= Source data =
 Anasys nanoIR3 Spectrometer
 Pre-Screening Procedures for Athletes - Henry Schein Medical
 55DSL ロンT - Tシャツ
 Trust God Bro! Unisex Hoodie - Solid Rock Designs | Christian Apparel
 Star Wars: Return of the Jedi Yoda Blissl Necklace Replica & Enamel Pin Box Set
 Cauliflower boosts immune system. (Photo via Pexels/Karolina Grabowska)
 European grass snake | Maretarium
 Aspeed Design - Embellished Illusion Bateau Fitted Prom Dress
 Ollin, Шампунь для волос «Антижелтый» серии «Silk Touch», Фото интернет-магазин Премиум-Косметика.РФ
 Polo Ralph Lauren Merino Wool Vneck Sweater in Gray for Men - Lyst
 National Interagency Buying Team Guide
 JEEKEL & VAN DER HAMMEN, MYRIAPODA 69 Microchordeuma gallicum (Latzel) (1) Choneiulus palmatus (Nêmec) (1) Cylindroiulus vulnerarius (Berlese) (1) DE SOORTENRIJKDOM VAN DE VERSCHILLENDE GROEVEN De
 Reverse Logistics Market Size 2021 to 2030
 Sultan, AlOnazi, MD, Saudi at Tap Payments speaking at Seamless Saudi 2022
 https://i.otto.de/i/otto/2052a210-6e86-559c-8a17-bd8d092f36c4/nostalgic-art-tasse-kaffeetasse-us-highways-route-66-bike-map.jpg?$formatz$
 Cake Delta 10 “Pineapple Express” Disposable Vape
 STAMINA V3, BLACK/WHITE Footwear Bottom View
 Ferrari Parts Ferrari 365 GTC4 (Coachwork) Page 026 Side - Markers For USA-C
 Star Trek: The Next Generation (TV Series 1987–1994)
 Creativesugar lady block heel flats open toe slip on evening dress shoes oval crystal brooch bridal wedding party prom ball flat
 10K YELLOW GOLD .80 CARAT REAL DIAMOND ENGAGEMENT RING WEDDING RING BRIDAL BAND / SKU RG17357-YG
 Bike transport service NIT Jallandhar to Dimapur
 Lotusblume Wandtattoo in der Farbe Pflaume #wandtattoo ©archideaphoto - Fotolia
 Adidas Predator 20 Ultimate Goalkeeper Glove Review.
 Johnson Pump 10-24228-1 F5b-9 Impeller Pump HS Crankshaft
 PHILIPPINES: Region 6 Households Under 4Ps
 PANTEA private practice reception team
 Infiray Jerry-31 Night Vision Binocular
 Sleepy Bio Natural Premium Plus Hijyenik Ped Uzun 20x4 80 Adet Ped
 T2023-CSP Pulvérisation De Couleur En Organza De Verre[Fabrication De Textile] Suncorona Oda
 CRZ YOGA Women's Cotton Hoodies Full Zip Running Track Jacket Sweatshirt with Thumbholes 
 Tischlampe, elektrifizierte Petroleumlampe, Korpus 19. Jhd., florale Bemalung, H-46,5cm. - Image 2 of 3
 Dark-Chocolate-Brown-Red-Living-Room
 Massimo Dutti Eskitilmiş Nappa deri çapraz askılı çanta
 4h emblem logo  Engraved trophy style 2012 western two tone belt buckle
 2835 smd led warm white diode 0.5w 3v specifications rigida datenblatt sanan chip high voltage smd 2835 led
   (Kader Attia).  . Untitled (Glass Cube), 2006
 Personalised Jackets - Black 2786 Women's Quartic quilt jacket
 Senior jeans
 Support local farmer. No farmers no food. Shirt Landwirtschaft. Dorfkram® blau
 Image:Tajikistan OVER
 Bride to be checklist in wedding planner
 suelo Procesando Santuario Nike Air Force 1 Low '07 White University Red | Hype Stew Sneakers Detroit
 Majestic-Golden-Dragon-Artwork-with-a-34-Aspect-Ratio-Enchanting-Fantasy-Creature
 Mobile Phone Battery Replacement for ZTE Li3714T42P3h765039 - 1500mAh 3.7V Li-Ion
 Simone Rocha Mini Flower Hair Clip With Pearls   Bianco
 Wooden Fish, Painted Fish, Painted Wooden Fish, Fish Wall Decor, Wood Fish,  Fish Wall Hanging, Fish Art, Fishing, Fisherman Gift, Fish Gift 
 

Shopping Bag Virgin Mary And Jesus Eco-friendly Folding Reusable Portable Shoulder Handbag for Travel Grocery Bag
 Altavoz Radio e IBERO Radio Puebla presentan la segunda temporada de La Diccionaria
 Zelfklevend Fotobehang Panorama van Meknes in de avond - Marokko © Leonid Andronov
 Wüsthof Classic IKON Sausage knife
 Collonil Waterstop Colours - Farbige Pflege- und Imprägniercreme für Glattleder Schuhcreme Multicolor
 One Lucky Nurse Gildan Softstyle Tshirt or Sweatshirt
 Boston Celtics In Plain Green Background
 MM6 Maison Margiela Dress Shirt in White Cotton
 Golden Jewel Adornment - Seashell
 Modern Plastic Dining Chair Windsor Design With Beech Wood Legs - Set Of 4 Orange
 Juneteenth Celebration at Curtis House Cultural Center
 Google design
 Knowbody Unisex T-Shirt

= Your task =
Reproduce the listing in full, exactly, so that no line is missing.

= Written answer =
 Anasys nanoIR3 Spectrometer
 Pre-Screening Procedures for Athletes - Henry Schein Medical
 55DSL ロンT - Tシャツ
 Trust God Bro! Unisex Hoodie - Solid Rock Designs | Christian Apparel
 Star Wars: Return of the Jedi Yoda Blissl Necklace Replica & Enamel Pin Box Set
 Cauliflower boosts immune system. (Photo via Pexels/Karolina Grabowska)
 European grass snake | Maretarium
 Aspeed Design - Embellished Illusion Bateau Fitted Prom Dress
 Ollin, Шампунь для волос «Антижелтый» серии «Silk Touch», Фото интернет-магазин Премиум-Косметика.РФ
 Polo Ralph Lauren Merino Wool Vneck Sweater in Gray for Men - Lyst
 National Interagency Buying Team Guide
 JEEKEL & VAN DER HAMMEN, MYRIAPODA 69 Microchordeuma gallicum (Latzel) (1) Choneiulus palmatus (Nêmec) (1) Cylindroiulus vulnerarius (Berlese) (1) DE SOORTENRIJKDOM VAN DE VERSCHILLENDE GROEVEN De
 Reverse Logistics Market Size 2021 to 2030
 Sultan, AlOnazi, MD, Saudi at Tap Payments speaking at Seamless Saudi 2022
 https://i.otto.de/i/otto/2052a210-6e86-559c-8a17-bd8d092f36c4/nostalgic-art-tasse-kaffeetasse-us-highways-route-66-bike-map.jpg?$formatz$
 Cake Delta 10 “Pineapple Express” Disposable Vape
 STAMINA V3, BLACK/WHITE Footwear Bottom View
 Ferrari Parts Ferrari 365 GTC4 (Coachwork) Page 026 Side - Markers For USA-C
 Star Trek: The Next Generation (TV Series 1987–1994)
 Creativesugar lady block heel flats open toe slip on evening dress shoes oval crystal brooch bridal wedding party prom ball flat
 10K YELLOW GOLD .80 CARAT REAL DIAMOND ENGAGEMENT RING WEDDING RING BRIDAL BAND / SKU RG17357-YG
 Bike transport service NIT Jallandhar to Dimapur
 Lotusblume Wandtattoo in der Farbe Pflaume #wandtattoo ©archideaphoto - Fotolia
 Adidas Predator 20 Ultimate Goalkeeper Glove Review.
 Johnson Pump 10-24228-1 F5b-9 Impeller Pump HS Crankshaft
 PHILIPPINES: Region 6 Households Under 4Ps
 PANTEA private practice reception team
 Infiray Jerry-31 Night Vision Binocular
 Sleepy Bio Natural Premium Plus Hijyenik Ped Uzun 20x4 80 Adet Ped
 T2023-CSP Pulvérisation De Couleur En Organza De Verre[Fabrication De Textile] Suncorona Oda
 CRZ YOGA Women's Cotton Hoodies Full Zip Running Track Jacket Sweatshirt with Thumbholes 
 Tischlampe, elektrifizierte Petroleumlampe, Korpus 19. Jhd., florale Bemalung, H-46,5cm. - Image 2 of 3
 Dark-Chocolate-Brown-Red-Living-Room
 Massimo Dutti Eskitilmiş Nappa deri çapraz askılı çanta
 4h emblem logo  Engraved trophy style 2012 western two tone belt buckle
 2835 smd led warm white diode 0.5w 3v specifications rigida datenblatt sanan chip high voltage smd 2835 led
   (Kader Attia).  . Untitled (Glass Cube), 2006
 Personalised Jackets - Black 2786 Women's Quartic quilt jacket
 Senior jeans
 Support local farmer. No farmers no food. Shirt Landwirtschaft. Dorfkram® blau
 Image:Tajikistan OVER
 Bride to be checklist in wedding planner
 suelo Procesando Santuario Nike Air Force 1 Low '07 White University Red | Hype Stew Sneakers Detroit
 Majestic-Golden-Dragon-Artwork-with-a-34-Aspect-Ratio-Enchanting-Fantasy-Creature
 Mobile Phone Battery Replacement for ZTE Li3714T42P3h765039 - 1500mAh 3.7V Li-Ion
 Simone Rocha Mini Flower Hair Clip With Pearls   Bianco
 Wooden Fish, Painted Fish, Painted Wooden Fish, Fish Wall Decor, Wood Fish,  Fish Wall Hanging, Fish Art, Fishing, Fisherman Gift, Fish Gift 
 

Shopping Bag Virgin Mary And Jesus Eco-friendly Folding Reusable Portable Shoulder Handbag for Travel Grocery Bag
 Altavoz Radio e IBERO Radio Puebla presentan la segunda temporada de La Diccionaria
 Zelfklevend Fotobehang Panorama van Meknes in de avond - Marokko © Leonid Andronov
 Wüsthof Classic IKON Sausage knife
 Collonil Waterstop Colours - Farbige Pflege- und Imprägniercreme für Glattleder Schuhcreme Multicolor
 One Lucky Nurse Gildan Softstyle Tshirt or Sweatshirt
 Boston Celtics In Plain Green Background
 MM6 Maison Margiela Dress Shirt in White Cotton
 Golden Jewel Adornment - Seashell
 Modern Plastic Dining Chair Windsor Design With Beech Wood Legs - Set Of 4 Orange
 Juneteenth Celebration at Curtis House Cultural Center
 Google design
 Knowbody Unisex T-Shirt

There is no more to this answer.